How does it know where you are aiming? I can see how the gun can feed back to the console, obviously, but how does it position itself? How does it even know which way the gun is pointed?

What am I missing here?

:confused:

Graham

KillerX
13th October 2003, 04:42 AM
When you pull the trigger, the whole screen goes black except for the target area, which will be white. The gun merely has a light sensor that detects the white spot if you are aimed at it.

Mendor
13th October 2003, 04:44 AM
http://en.wikipedia.org/wiki/Video_game_light_gun

Graham
14th October 2003, 03:11 AM
You learn something every day!

Thanks guys.

Graham

davidhorman
14th October 2003, 06:52 AM
I've only played games which use the second method (flash the whole screen and use timing and a photo-sensor in the gun to work out where it's pointing).

A friend of mine had a light-pen, which I assume used a similar method, except you touched it directly to the screen. We never got it to work though.

David

Smackety
19th December 2008, 11:20 PM
So if you shoot at a light bulb or something you will always hit? I thought it detected the green color on the duck.

Paul C. Anagnostopoulos
20th December 2008, 05:42 AM
Who remembers light pens?

~~ Paul

Smackety
20th December 2008, 06:44 AM
Who remembers light pens?

~~ Paul

someone from 2003. It is a relic of an earlier age I guess.

jsiv
20th December 2008, 07:21 AM
A friend of mine had a light-pen, which I assume used a similar method, except you touched it directly to the screen. We never got it to work though.
It's the same concept, only more timing-sensitive. The pen works by taking advantage of the fact that the point on the screen where the electron beam is focused on is slightly brighter than the rest. This triggers the pen's light sensor which in turn notifies the computer which then saves the current location of the beam to a register.

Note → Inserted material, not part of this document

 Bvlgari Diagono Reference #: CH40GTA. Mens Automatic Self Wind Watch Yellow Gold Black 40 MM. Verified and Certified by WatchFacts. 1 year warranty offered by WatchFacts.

The gun is simpler because it requires no position information. If there are three ducks on the screen and you press the fire button, it simply displays three different images of a black screen with a white square in succession, the position of the square representing a particular duck. If the light sensor in the gun fires, the console just has to check which image it was displaying at the time. And yes, this usually means you can cheat by just pointing it at a bright light.

Of course, both devices rely on behavior only found on old analog CRT displays, and so aren't very relevant these days.

Paul C. Anagnostopoulos
20th December 2008, 08:35 AM
I spent my undergraduate years building a graphics system. That was 1970--74, when all we had were vector displays. No such thing as raster displays yet. So the pointing devices were light pens and trackballs.

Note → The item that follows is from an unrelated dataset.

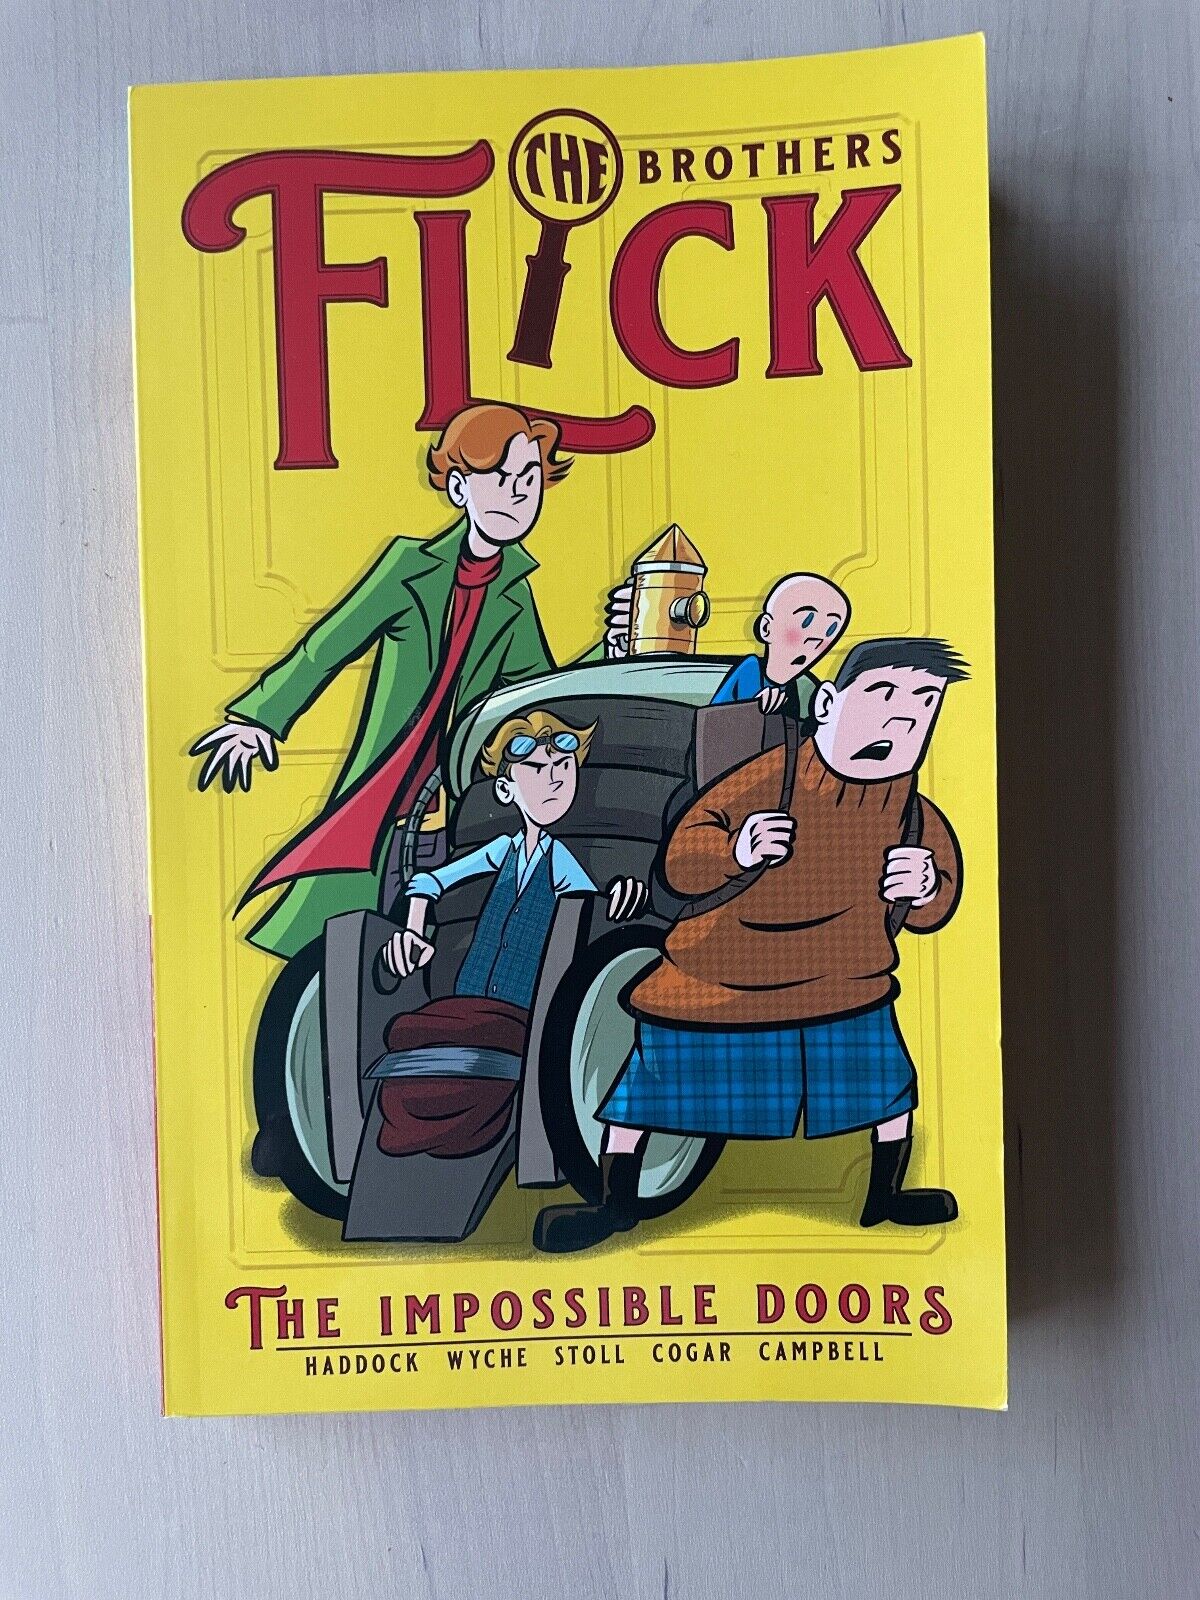 The Brothers Flick: The Impossible Doors TP

It was so tiring to use a light pen that we rigged up a spring connected to a wrist strap and hung it from the ceiling. Then the user didn't have to fight gravity quite so much.

~~ Paul

666
20th December 2008, 02:51 PM
Who remembers light pens?

~~ Paul
Me! Me! On an IBM 370. We used one to point on a timeline to program where an onboard spacecraft experiment package would be switched on and off during the orbit. Circa 1972-73 before we automated the process.